Ma *** ½ / *****
Directed by: Tate
Taylor.
Written by: Scotty
Landes.
Starring: Octavia Spencer (Sue Ann),
Diana Silvers (Maggie), Juliette Lewis (Erica), McKaley Miller (Haley), Corey
Fogelmanis (Andy), Gianni Paolo (Chaz), Dante Brown (Darrell), Tanyell Waivers
(Genie), Dominic Burgess (Stu), Heather Marie Pate (Ashley), Tate Taylor
(Officer Grainger), Luke Evans (Ben), Margaret Fegan (Stephanie), Missi Pyle
(Mercedes), Allison Janney (Doctor Brooks), Kyanna Simone Simpson (Young Sue
Ann).
Ma is
exactly the kind of B-level horror film that is best experienced with an
audience – who will laugh and gasp along with it. This is a goofy horror movie
in which a middle aged, working class black woman in Smalltown, USA befriends
the local high school kids with the express purpose to torment them later on –
a long game of revenge for her own experiences in high school, at the hands of
the kid’s parents. You have to swallow a lot of coincidences and goofiness to
believe any of this for a second – and yet, if you’re able to do that, Ma is a
riot.
The woman
in question is Sue Ann (Octavia Spencer), who works as a receptionist and vet
assistant to a demanding bitch of a boss (Allison Janney, appearing here in a
very small role for some reason, who nevertheless, is having a blast being the
worst boss imaginable). She meets Maggie (Diana Silvers) – the new girl at high
school, having moved back to her mom Erica’s (Juliette Lewis) hometown after a
divorce – and her new friends outside the local liquor store. Maggie asks her
to buy them some alcohol, which she initially refuses – but then agrees, when
she realizes one of the kids – Andy (Corey Fogelmanis) is the son of Ben (Luke
Evans) – who Sue Ann knew in high school. Soon, Sue Ann isn’t just buying them
booze – but offering them her basement as a place to party. At first, she keeps
her distance – but then, she’s right down there partying with them. And soon,
it becomes very creepy.
I won’t
reveal more of the plot – you got all of that from the trailers – in large part
because the film takes some bizarre twists and turns that are best experienced
in movie, because they are so unbelievable that only in the context of the rest
of the film does it make any sense at all. The film was written by Scotty
Landes, who seems to having fun with all the bizarre scenes he’s writing, and
had to hope that he would get a cast and director who would make them work.

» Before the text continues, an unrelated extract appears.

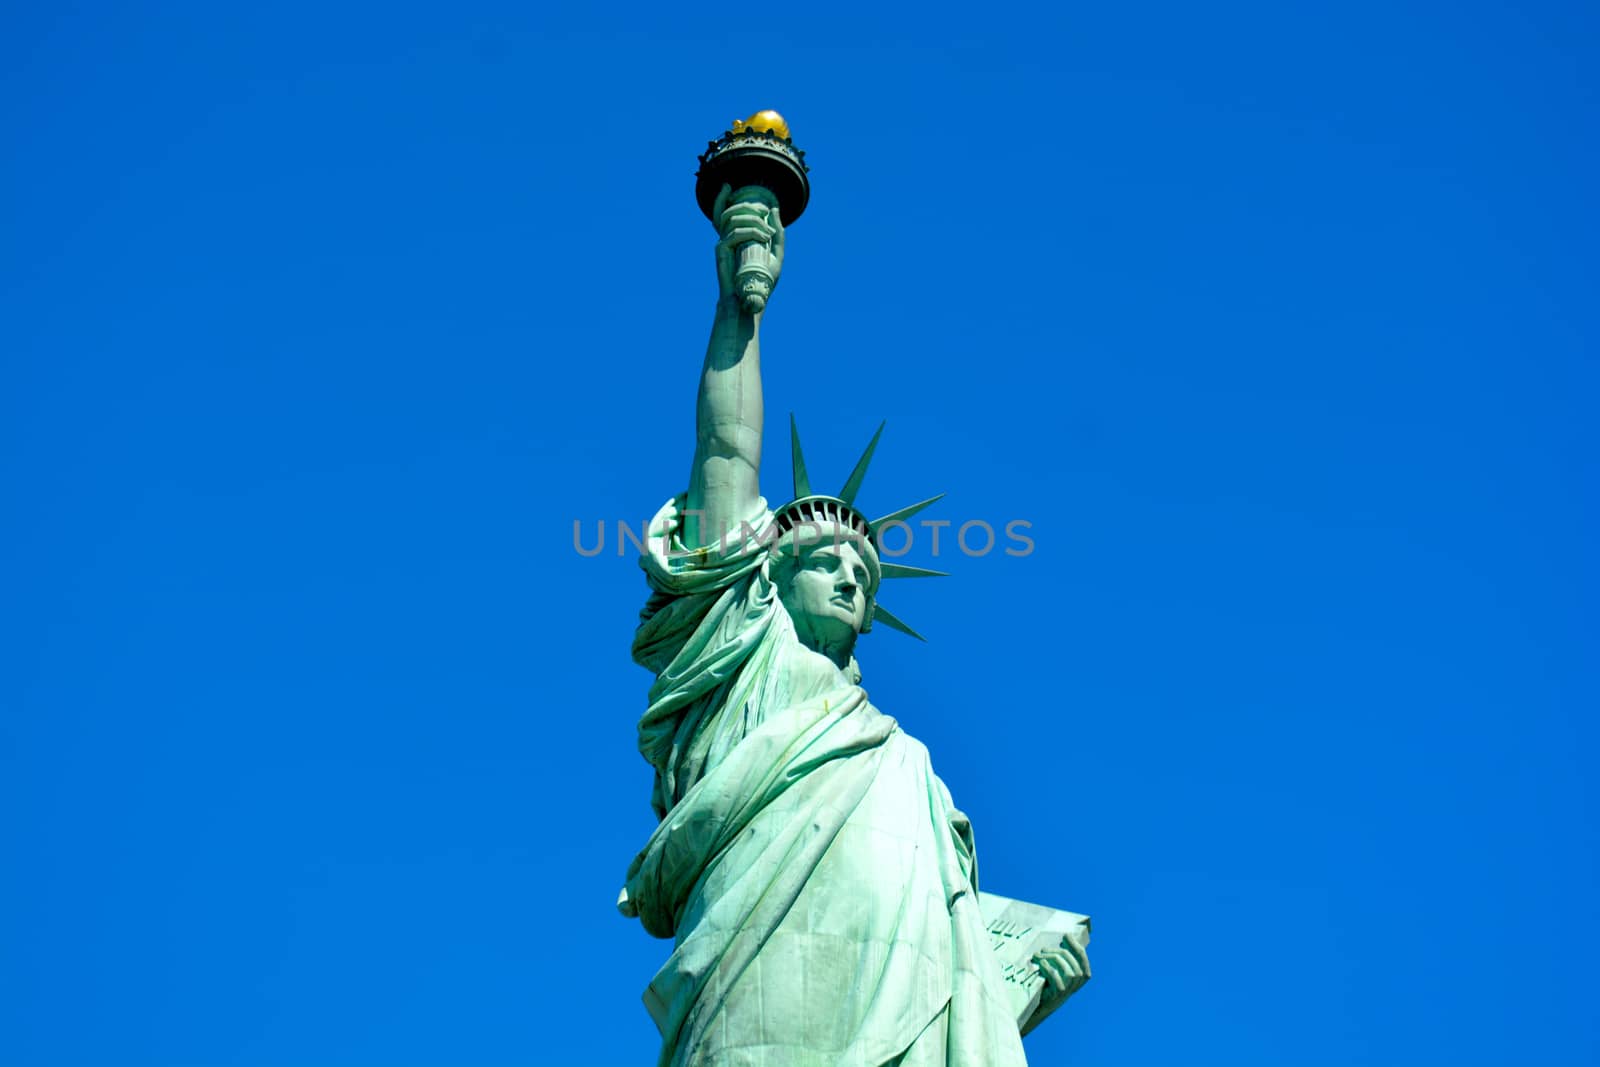 Statue of Liberty - New York City  - 55 by RefocusPhoto

Surprisingly, he does. The director here is Tate Taylor – who directed The
Help, and has struggled since (Get On Up, about James Brown, is fascinating but
kind of doesn’t go anywhere and his The Girl on the Train adaptation was the
dullest version of that novel possible). Here, Taylor fully embraces the
goofiness, and goes with it. And his The Help Oscar winner, Octavia Spencer, he
finds the perfect Sue Ann. Spencer has no shame here – she goes for broke,
increasingly as the movie goes along, and she becomes completely unhinged. It
is a brilliant performance really – far better than her work in The Help,
although Sue Ann shares some similarities with the woman who made the poop pie
in that. Diana Silvers – memorable in Booksmart last week – is fine here as
well. She has to keep the film at least somewhat grounded in what is really a
co-lead, and she succeeds.
Ma
doesn’t take anything seriously. It could have – it hints at questions of race
and class, but doesn’t really address any of them. You can imagine a Jordan
Peele version of this film that would do that, but it’s clear here that
basically this film wants to have fun watching a crazy Octavia Spencer torment
and torture teenagers and their parents. Taken in that spirit – and viewed with
the right audience, who will role with the insanity, Ma is a sick delight.